Since my bedroom is before Mum and Dad’s I always know when they leave their bedroom to go downstairs. They’re pretty heavy on their steps, especially Dad, which means it ends up being my responsibility to text her quickly and let her know when one of them is going downstairs. So while I’m up late studying I also have to be on the lookout for parental footsteps so she won’t get caught breaking the rules.
I didn’t mind it in the beginning because I would have to pull an all-nighter anyway when there was a big test the next day but now she’s doing something that really pisses me off. Something I don’t agree with at all. One night, when I thought she was sneaking in Luca as usual, it ended up being someone else.
It was his cousin, Jude.
I couldn’t believe she would do something like that. Luca was my friend!
I was so mad at her.
How could she think that was okay? It’s one thing to change boyfriends like underwear but it’s totally different when you start cheating on them. Luca is a nice guy. He’s so sweet and funny and he doesn’t deserve this. Now I feel awful every time I see them together knowing what I know.

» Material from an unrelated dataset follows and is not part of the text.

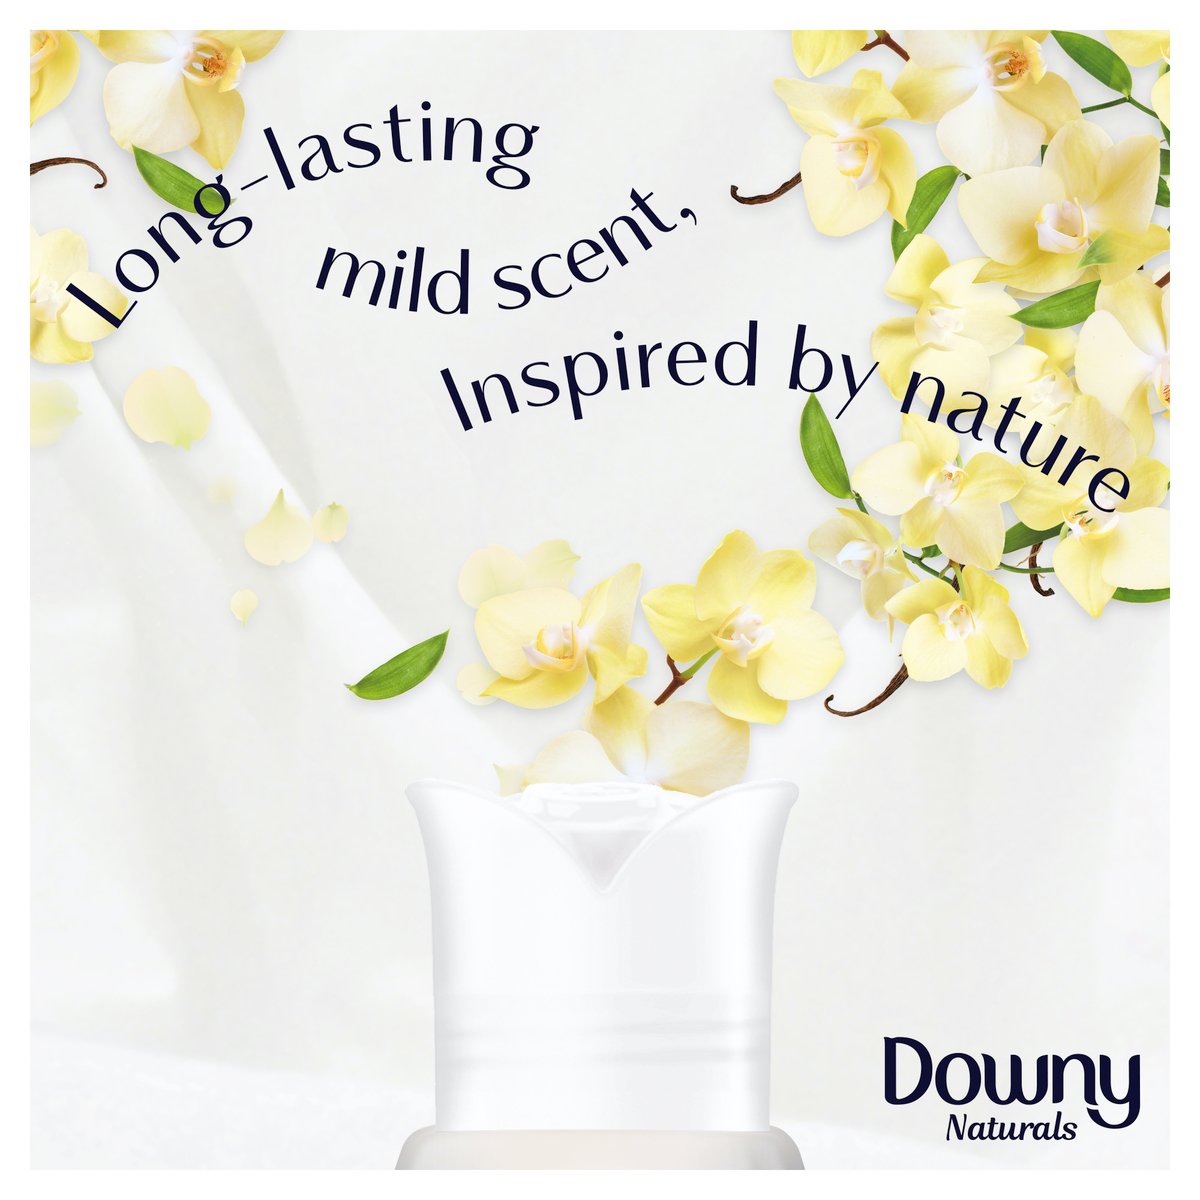 Downy Naturals Concentrate Fabric Softener Vanilla Scent 2 x 880ml

I want to tell him but then I feel like if I tell him that would be like betraying my sister. At the end of the day she’s still my sister and my loyalty should be with her, that whole blood is thicker than water saying and all, but Luca has been my friend for so long and I can tell that he totally loves her so I feel like if I have to say something to him. What kind of friend would I be if I kept the truth from him? If I was dating a guy and he was cheating on me I think I would want someone to tell me.

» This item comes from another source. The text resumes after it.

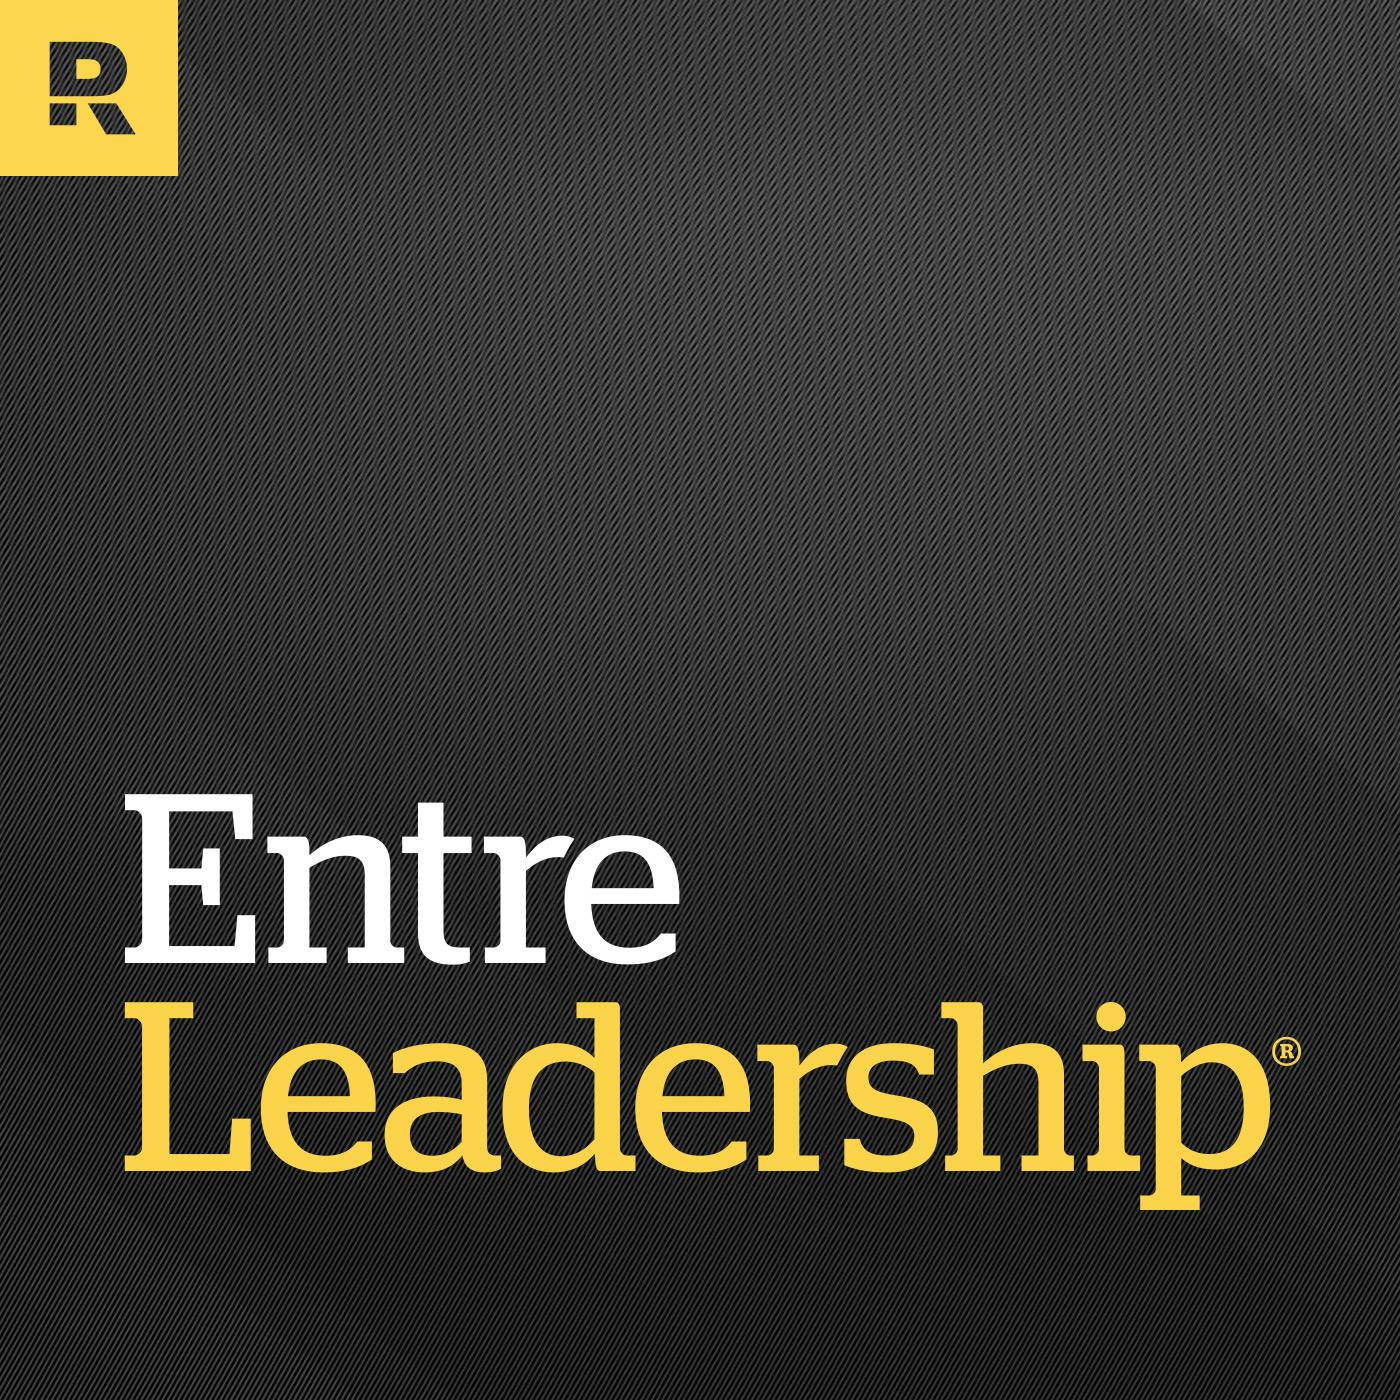 #239: Top 10 EntreLeadership Podcasts of 2017

I was conflicted so I went to the one person I knew I could turn to for help.
Kaleb is a wonderful big brother and since he moved to San Myshuno I haven’t been able to talk to him as often as I would like. When he came home for a visit I told him what was going on. Thankfully, he’s not one of those big brothers who fly off the handle at the mere mention of his sister having woohoo. That’s what I love about him. He’s so calm and rational and always gives the best advice.
He told me that the best thing to do would be to talk to Lyra and convince her to stop screwing around on Luca and tell him the truth. Well, he used more eloquent words than that but that was the point and he was right.
I had to talk to Lyra and get her to confess to Luca. Not only would that ease my conscience but it will also help both of them in the long run. I mean, she clearly doesn’t love him so why waste her time? And the longer she continues to string him along the worse he will feel when she inevitably breaks his heart.